> ASSIGNED TASK
Print the lines that run from the line with "schema seo infographic2 01" to the line with "shunter-dcjcc-kozloff-31-knowledge-the-holy-land.jpg", keeping both end lines, exactly as they appear in the entries below, and nothing else.
======
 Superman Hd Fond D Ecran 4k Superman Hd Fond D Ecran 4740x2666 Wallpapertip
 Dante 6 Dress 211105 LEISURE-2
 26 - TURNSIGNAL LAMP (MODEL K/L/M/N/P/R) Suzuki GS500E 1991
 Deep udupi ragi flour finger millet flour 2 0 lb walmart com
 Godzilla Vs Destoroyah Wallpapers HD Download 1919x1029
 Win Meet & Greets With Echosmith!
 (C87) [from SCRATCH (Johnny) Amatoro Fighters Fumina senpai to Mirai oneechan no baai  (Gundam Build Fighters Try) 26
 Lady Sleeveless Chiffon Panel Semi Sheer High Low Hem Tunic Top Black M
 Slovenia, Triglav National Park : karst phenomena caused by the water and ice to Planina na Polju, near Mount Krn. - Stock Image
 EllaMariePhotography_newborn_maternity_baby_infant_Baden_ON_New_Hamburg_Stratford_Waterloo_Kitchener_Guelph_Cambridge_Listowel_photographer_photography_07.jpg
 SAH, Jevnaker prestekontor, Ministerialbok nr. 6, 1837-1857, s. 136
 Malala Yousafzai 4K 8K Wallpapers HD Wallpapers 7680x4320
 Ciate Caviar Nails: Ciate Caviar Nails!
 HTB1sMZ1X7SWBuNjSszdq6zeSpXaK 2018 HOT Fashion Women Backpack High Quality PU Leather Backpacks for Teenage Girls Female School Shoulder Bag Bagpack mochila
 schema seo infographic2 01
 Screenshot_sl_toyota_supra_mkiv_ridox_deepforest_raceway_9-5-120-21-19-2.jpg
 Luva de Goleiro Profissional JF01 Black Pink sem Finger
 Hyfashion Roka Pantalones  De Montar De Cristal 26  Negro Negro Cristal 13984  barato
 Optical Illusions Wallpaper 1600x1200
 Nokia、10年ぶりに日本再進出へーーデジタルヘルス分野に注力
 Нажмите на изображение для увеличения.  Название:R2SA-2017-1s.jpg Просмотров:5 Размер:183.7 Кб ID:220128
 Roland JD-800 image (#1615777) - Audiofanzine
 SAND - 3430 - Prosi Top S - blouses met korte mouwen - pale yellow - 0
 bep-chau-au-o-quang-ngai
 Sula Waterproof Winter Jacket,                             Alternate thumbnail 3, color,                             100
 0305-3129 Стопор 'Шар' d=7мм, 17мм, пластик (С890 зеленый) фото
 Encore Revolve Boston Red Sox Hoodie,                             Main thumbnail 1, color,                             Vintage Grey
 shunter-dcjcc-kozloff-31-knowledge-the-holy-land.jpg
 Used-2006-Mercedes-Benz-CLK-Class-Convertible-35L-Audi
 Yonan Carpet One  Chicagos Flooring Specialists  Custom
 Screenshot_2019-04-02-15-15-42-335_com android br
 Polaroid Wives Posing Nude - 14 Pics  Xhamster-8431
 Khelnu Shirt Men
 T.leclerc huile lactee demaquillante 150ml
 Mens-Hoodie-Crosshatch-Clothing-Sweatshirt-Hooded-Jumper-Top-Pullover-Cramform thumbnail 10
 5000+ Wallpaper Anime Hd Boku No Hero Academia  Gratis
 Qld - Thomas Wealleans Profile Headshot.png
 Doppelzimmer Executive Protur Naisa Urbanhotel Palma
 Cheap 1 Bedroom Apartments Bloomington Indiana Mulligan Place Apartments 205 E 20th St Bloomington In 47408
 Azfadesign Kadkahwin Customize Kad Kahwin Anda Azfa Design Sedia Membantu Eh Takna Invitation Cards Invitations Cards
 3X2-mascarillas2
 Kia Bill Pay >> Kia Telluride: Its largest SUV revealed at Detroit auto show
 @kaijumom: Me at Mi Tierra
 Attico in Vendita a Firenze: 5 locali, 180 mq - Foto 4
======
> ANSWER SECTION
 schema seo infographic2 01
 Screenshot_sl_toyota_supra_mkiv_ridox_deepforest_raceway_9-5-120-21-19-2.jpg
 Luva de Goleiro Profissional JF01 Black Pink sem Finger
 Hyfashion Roka Pantalones  De Montar De Cristal 26  Negro Negro Cristal 13984  barato
 Optical Illusions Wallpaper 1600x1200
 Nokia、10年ぶりに日本再進出へーーデジタルヘルス分野に注力
 Нажмите на изображение для увеличения.  Название:R2SA-2017-1s.jpg Просмотров:5 Размер:183.7 Кб ID:220128
 Roland JD-800 image (#1615777) - Audiofanzine
 SAND - 3430 - Prosi Top S - blouses met korte mouwen - pale yellow - 0
 bep-chau-au-o-quang-ngai
 Sula Waterproof Winter Jacket,                             Alternate thumbnail 3, color,                             100
 0305-3129 Стопор 'Шар' d=7мм, 17мм, пластик (С890 зеленый) фото
 Encore Revolve Boston Red Sox Hoodie,                             Main thumbnail 1, color,                             Vintage Grey
 shunter-dcjcc-kozloff-31-knowledge-the-holy-land.jpg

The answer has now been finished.